* [EXERCISE OBJECTIVE] The reply should be an exact repeat of the listing, with no pictures in it.

(PROVIDED DATA)

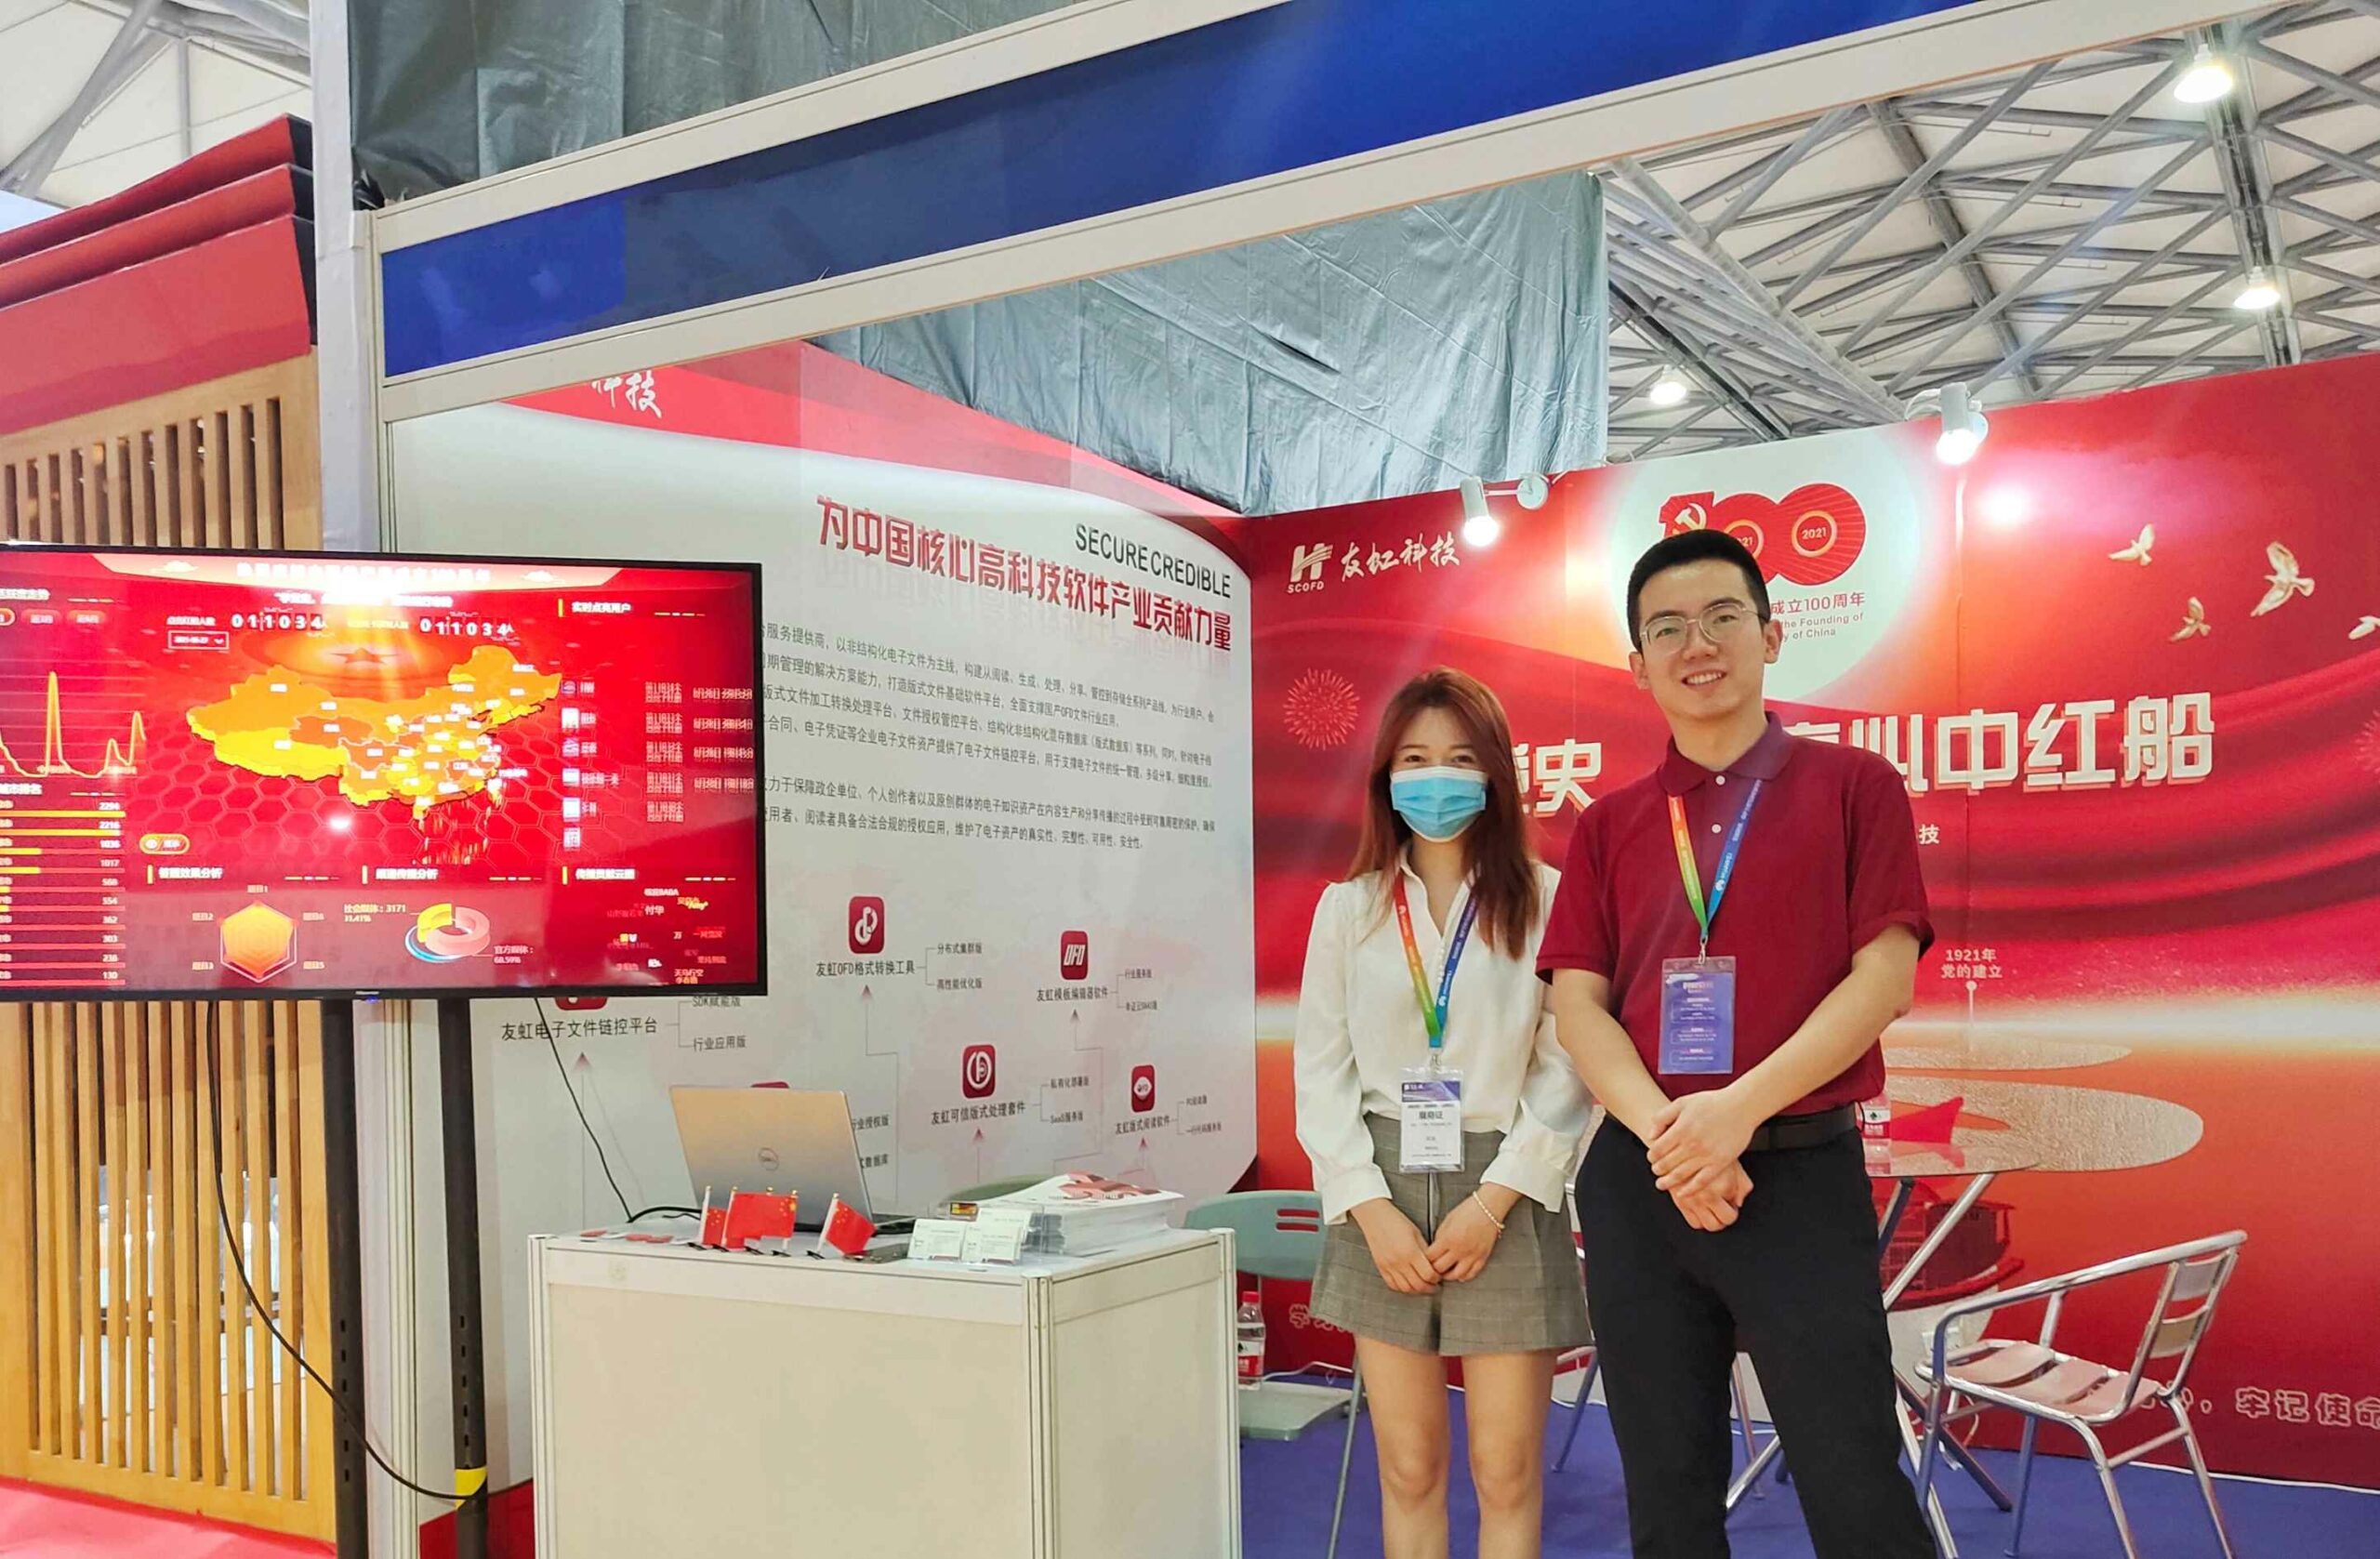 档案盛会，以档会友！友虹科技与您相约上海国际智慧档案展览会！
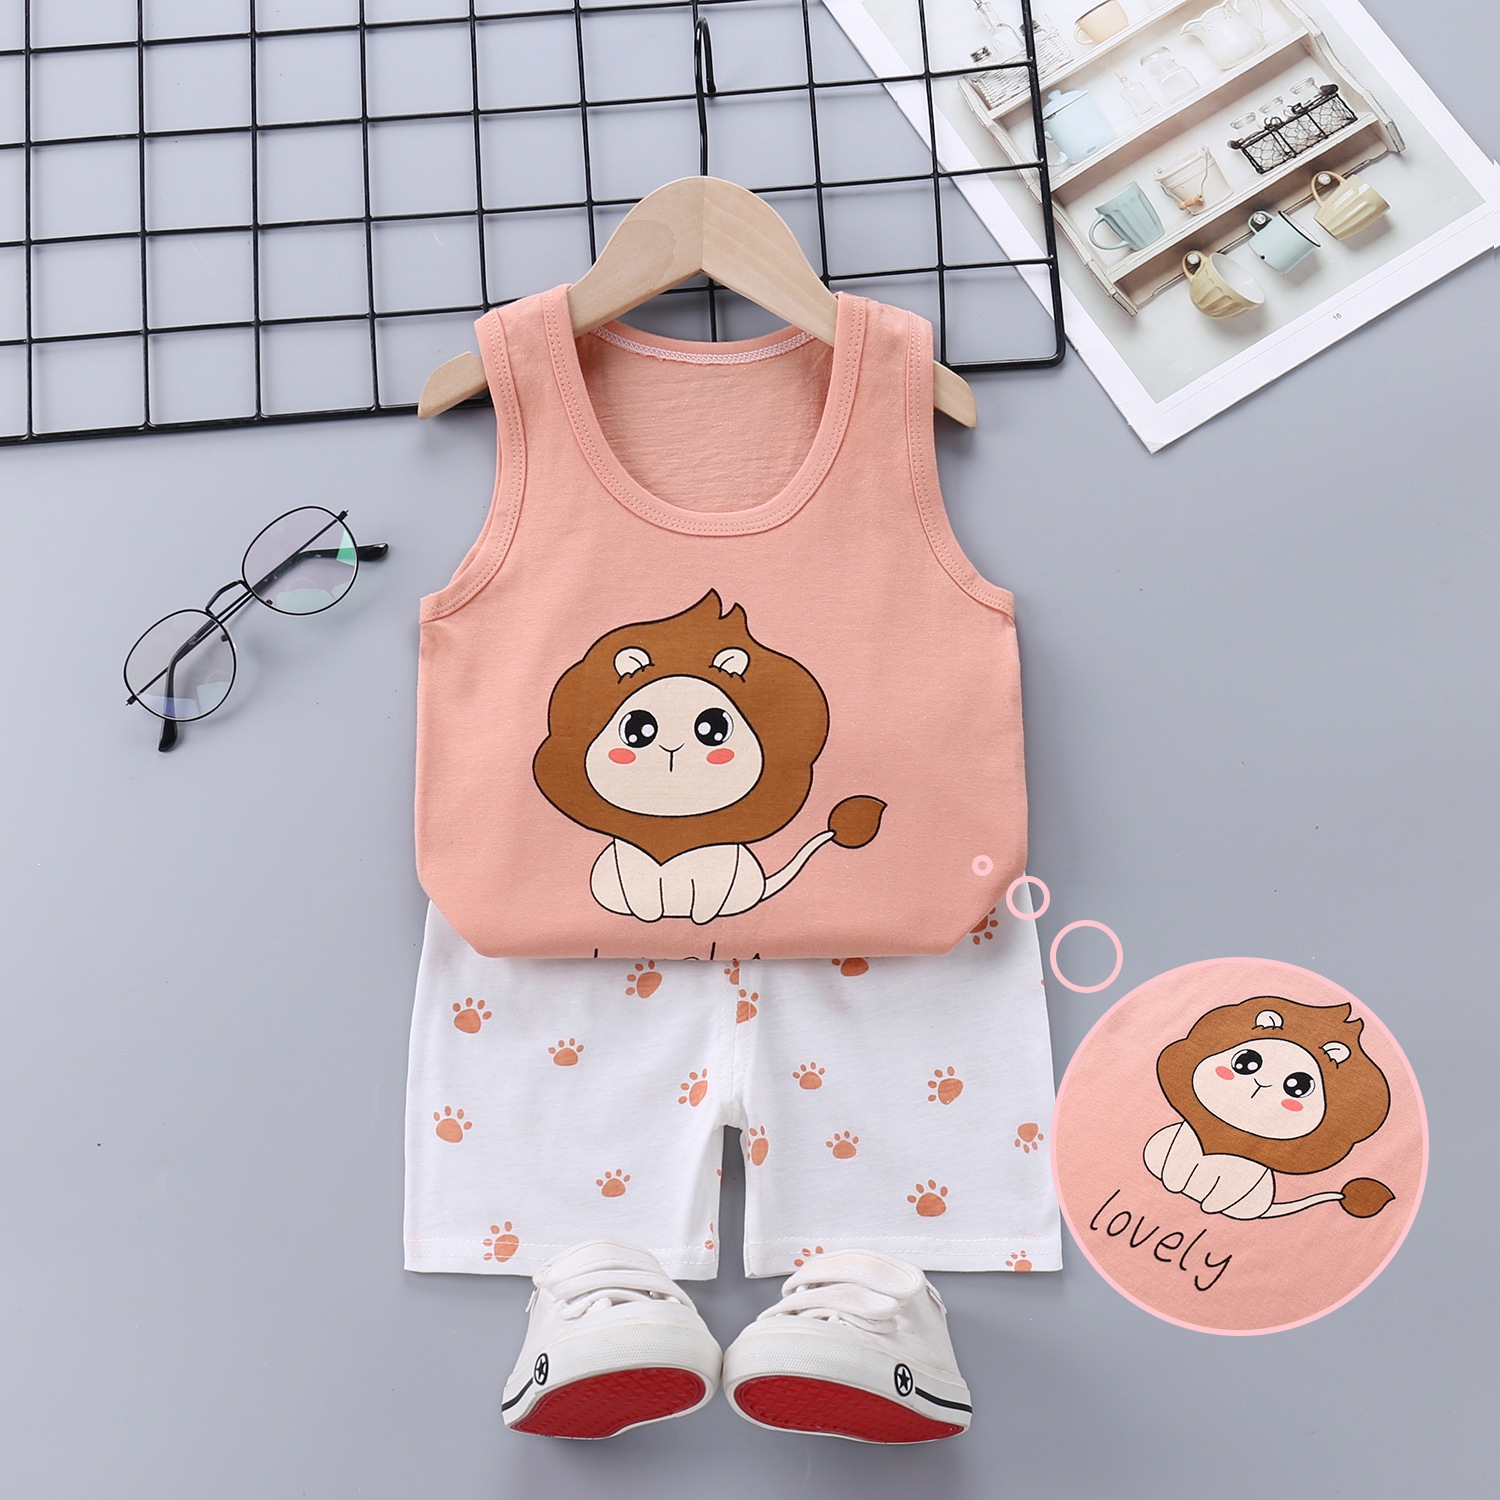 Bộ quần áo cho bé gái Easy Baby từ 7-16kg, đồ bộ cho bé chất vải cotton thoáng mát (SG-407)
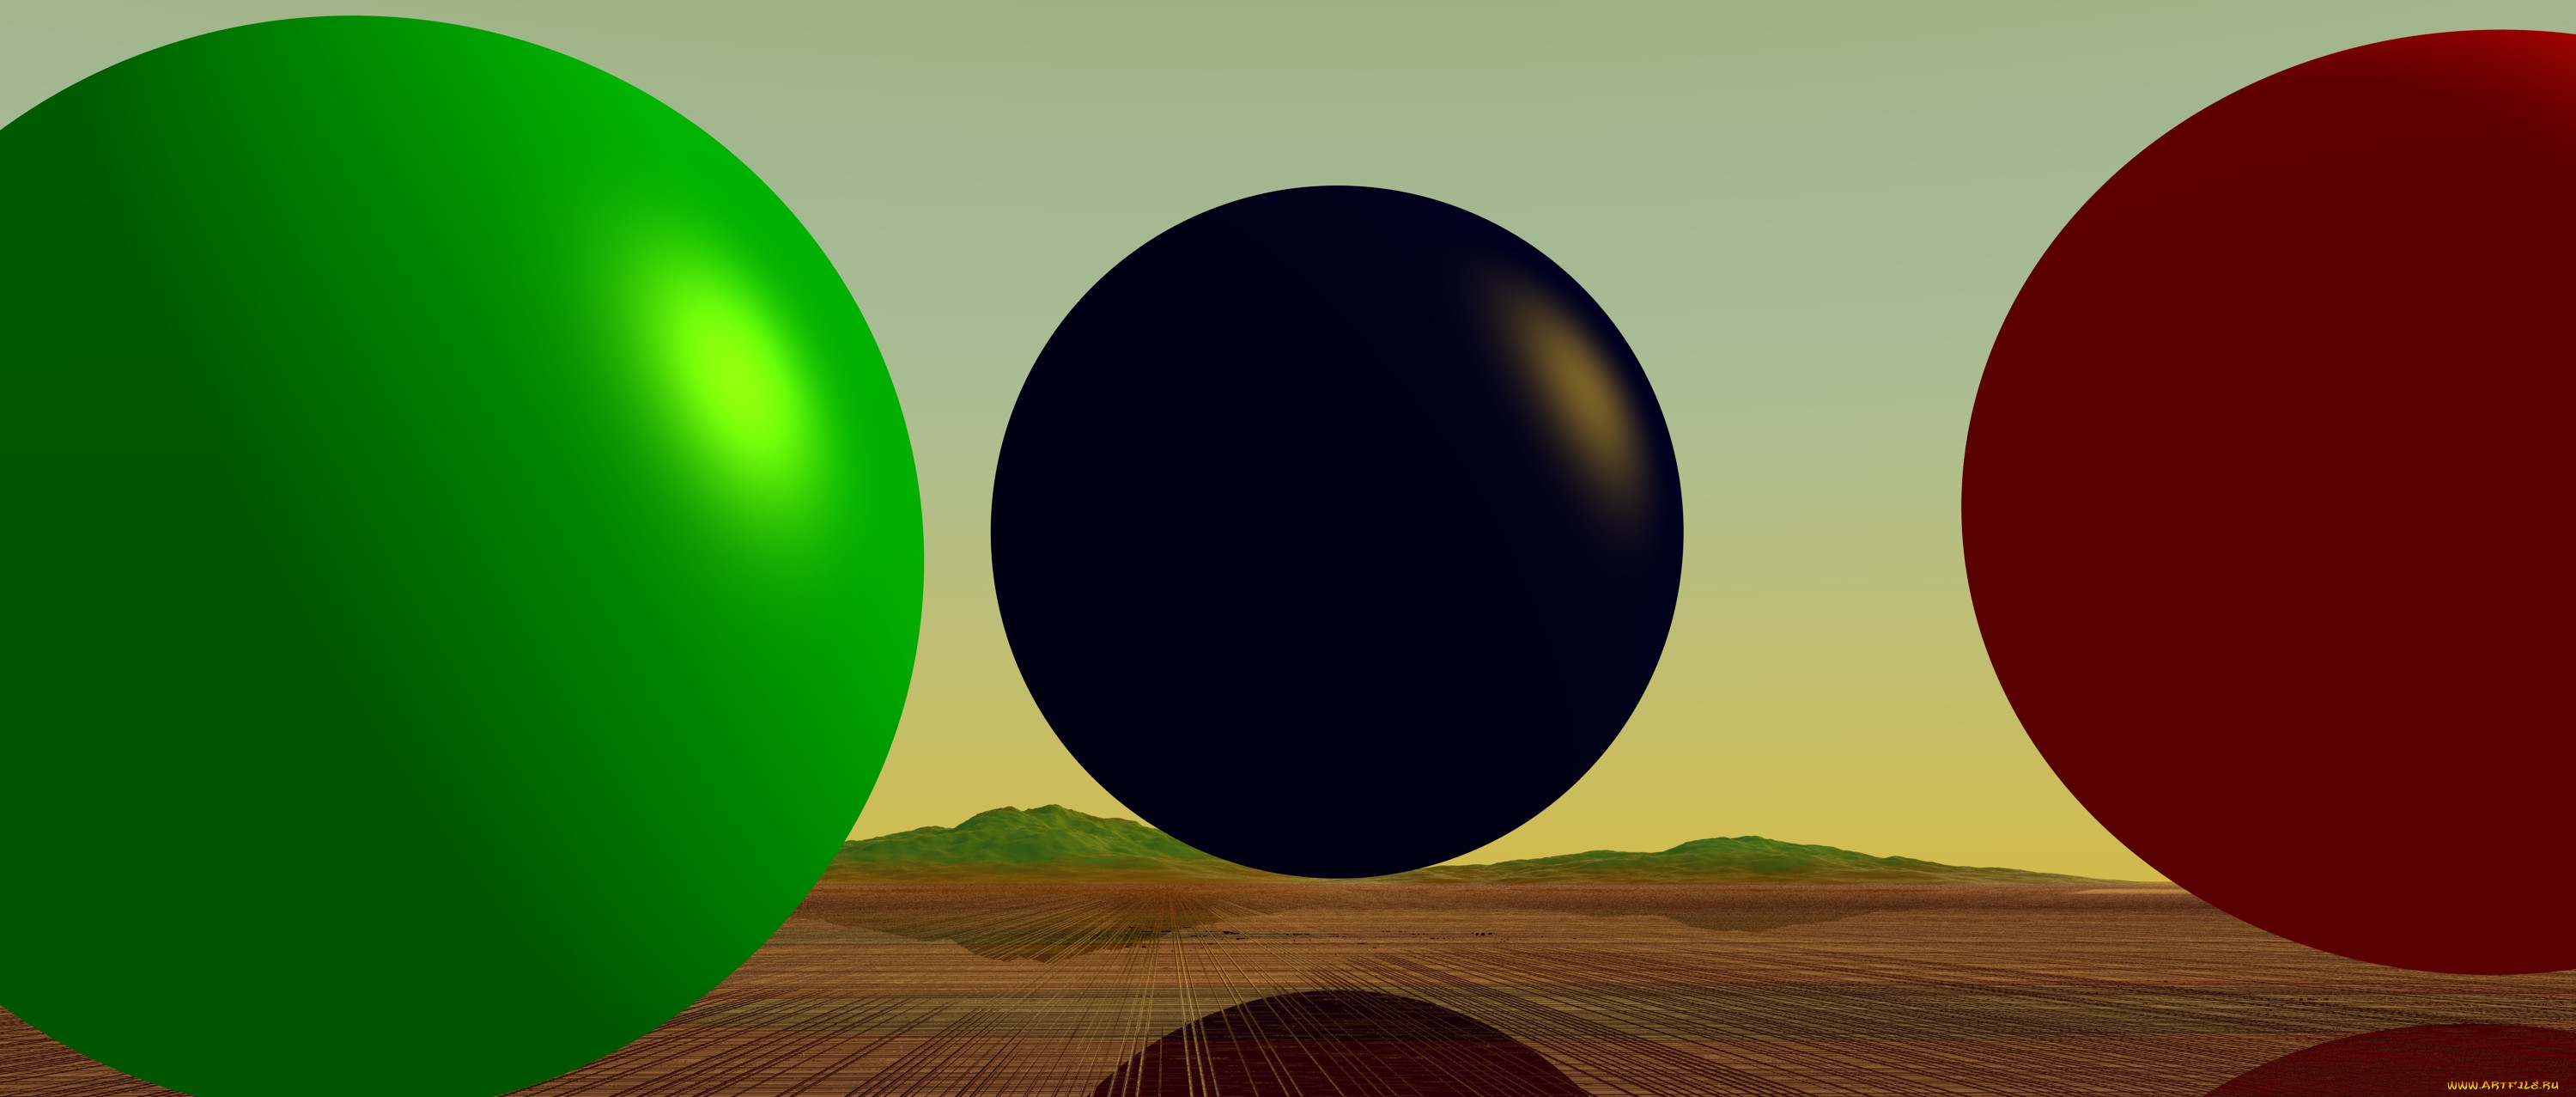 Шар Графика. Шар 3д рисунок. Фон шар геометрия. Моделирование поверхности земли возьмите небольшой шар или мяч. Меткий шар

(End PROVIDED DATA)

* [TASK RESULT]
 档案盛会，以档会友！友虹科技与您相约上海国际智慧档案展览会！
 Bộ quần áo cho bé gái Easy Baby từ 7-16kg, đồ bộ cho bé chất vải cotton thoáng mát (SG-407)
 Шар Графика. Шар 3д рисунок. Фон шар геометрия. Моделирование поверхности земли возьмите небольшой шар или мяч. Меткий шар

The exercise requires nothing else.